I really wouldn't follow advice to 'log' with the police or email Bob about why it's so wrong or get involved any further as if it blows up no one will be thanking your dp for it. He's reported it, that's his part done now.

redexpat · 15/12/2018 13:58

If I was your DH I would write down everything that happened, with times and dates, who he told and what was said. Put it somewhere safe and then forget about it all.

Elphie54 · 15/12/2018 14:00

“If not, would the police take an interest? is it illegal to give out prescription drugs.”

You don’t know what it was. It could be something that is OTC for all you know. I take allergy medication and have a prescription for it so insurance covers it, but the medication it’s self anyone can buy without a prescription OTC.

Please do not waste the polices time with this nonsense. They won’t take an interest in it and likely think you’re being ridiculous (which you are).

Obviously a mental health problem? Uhhh no. Just because he heard that one sentence doesn’t mean anything.

Mind your own business.

SassitudeandSparkle · 15/12/2018 14:03

I take it your DH does not like Bob or Anna - has he fallen out with them in work before this happened, OP?

You don't know what they were or why Anna might have needed them. I am surprised that anyone would report this when they don't really know what happened going on what you've said here!

onalongsabbatical · 15/12/2018 14:04

Christ we're not telling the police. Were only wondering whether to press it with the boss on the grounds that if anything happened to worsen Anna's mental health we might feel bad we'd done nothing, that kind of thing.
Really just concerned for Anna and a bit surprised that an adult with a mental health issue would do this rather than go to her own doc or get some counseling. Though it seems - despite the NHS being quite clear that it's dangerous - that lots of people do it.

OP posts:
onalongsabbatical · 15/12/2018 14:06

He has no issues with any of them. Is it not ok to worry about other people's actions? Really, is it entirely seen as being a busy-body?

OP posts:
Jenny70 · 15/12/2018 14:07

Personally I would see if DH is willing to chat to Anna, she is the one putting her health at risk taking a medication she hasn't been prescribed (and by the sound it was prescribed, not OTC).

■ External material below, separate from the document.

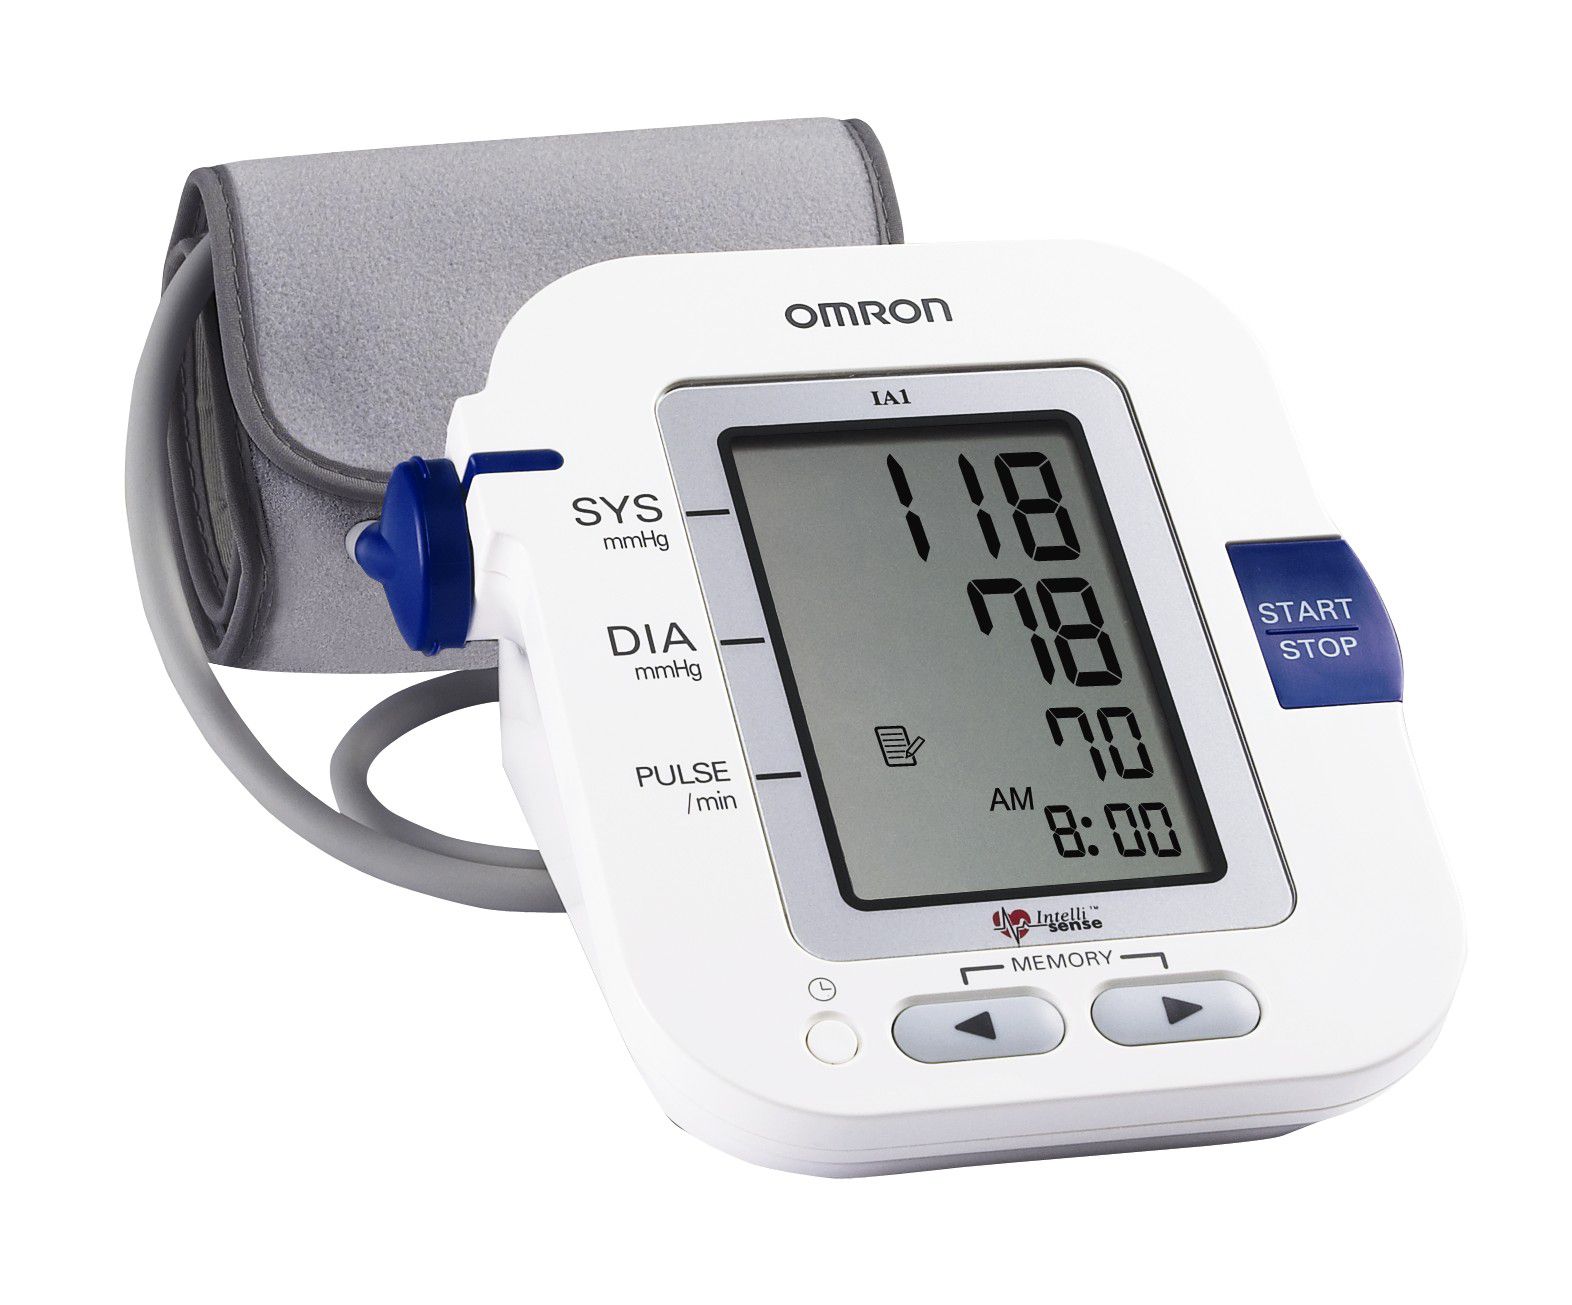 Máy đo huyết áp của hãng Omron đang là sản phẩm được mua nhiều nhất trên thị trường hiện nay.

He could express concern that she may not be getting the correct medication or dose that she needs, which may make her worse, or put back her recovery. Express support and encourage her to get her own medical appointment, rather than trying Bobs for a while.

Also, presumably Bob is also no longer taking this medication, or he wouldn't be handing out his script as he would be needing them himself. If they are anti-depressants, why is he not taking them...

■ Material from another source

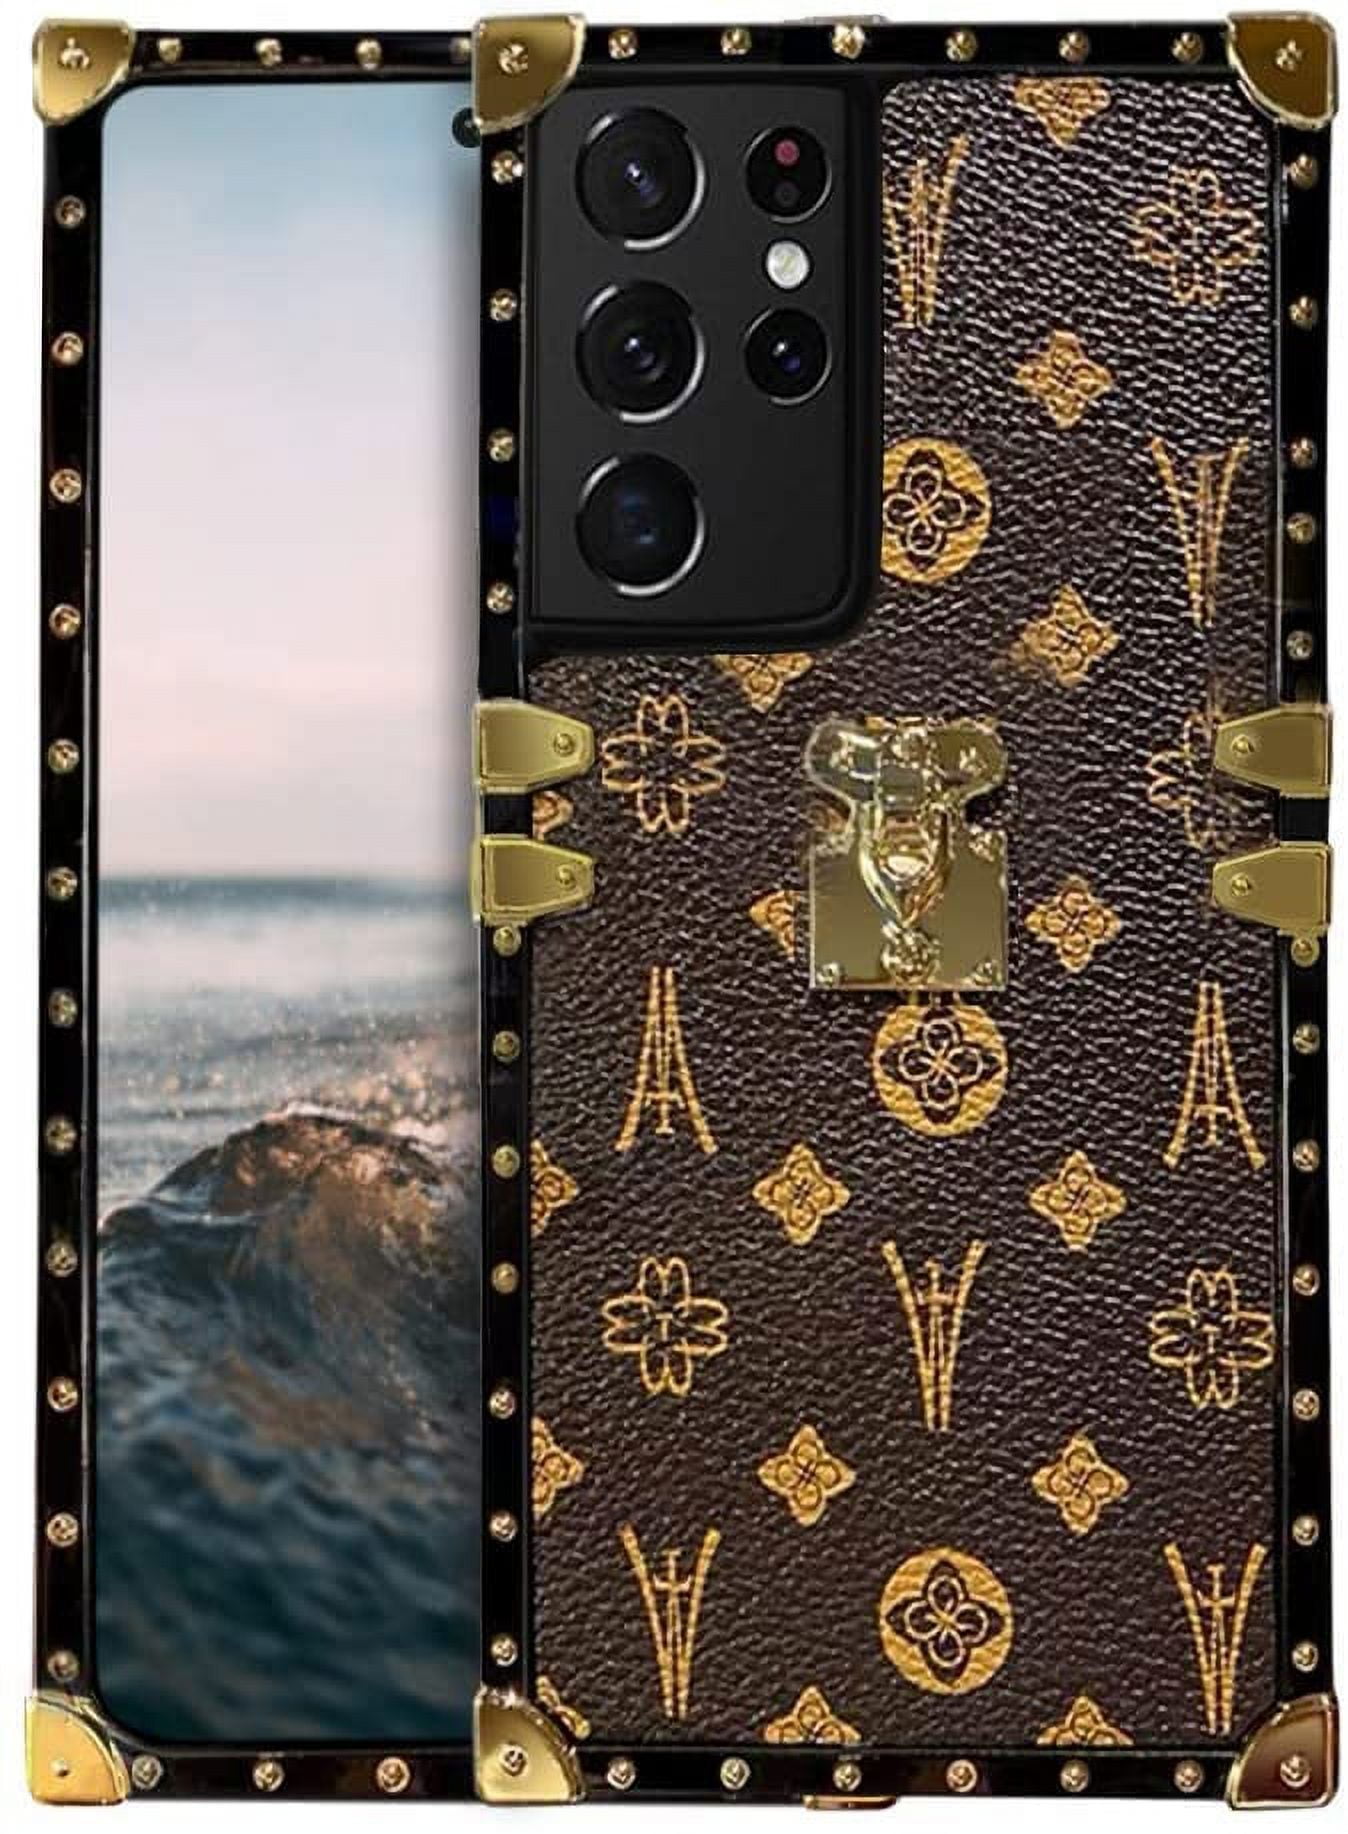 Louis Vuitton Samsung S21 Ultra Case LV S21 Case

Certainly not something I have seen done, it's not a panadol, or herbal tea.

glueandstick · 15/12/2018 14:07

My friends and I regularly swap medication! I dropped an antibiotic once and a friend gave me one of hers (same dose etc) as she had a long standing condition and took them daily. Saved the NHS a packet!

Elphie54 · 15/12/2018 14:11

You don’t know she has mental health problems and even if she does, it is not your place to police what she does or doesn’t take.

Seriously, your DH over heard one sentence. Out of context it means absolutely nothing.

Redglitter · 15/12/2018 14:12

I cannot believe the old MN favourite of log it with 101 has been trotted out here. Ffs the Ops husband has NO idea what was in the box.

Log it with the Police... dont be so bloody ridiculous

MrMeSeeks · 15/12/2018 14:14

I font think your dp is bu, however there is nothing to do.
I would never swap medication for the reason listed and because some are controlled drugs

Lattesforlife · 15/12/2018 14:18

I have genuinely laughed at the logging it with police suggestion. Really? REALLY?!

SilverySurfer · 15/12/2018 14:22

It's not a good idea taking other people's medication. Years ago my then boss gave me a pill because i was feeling unwell - I went home to bed and woke up three days later.

I think if your DP has told the manager there's nothing much else he can do - they are adults.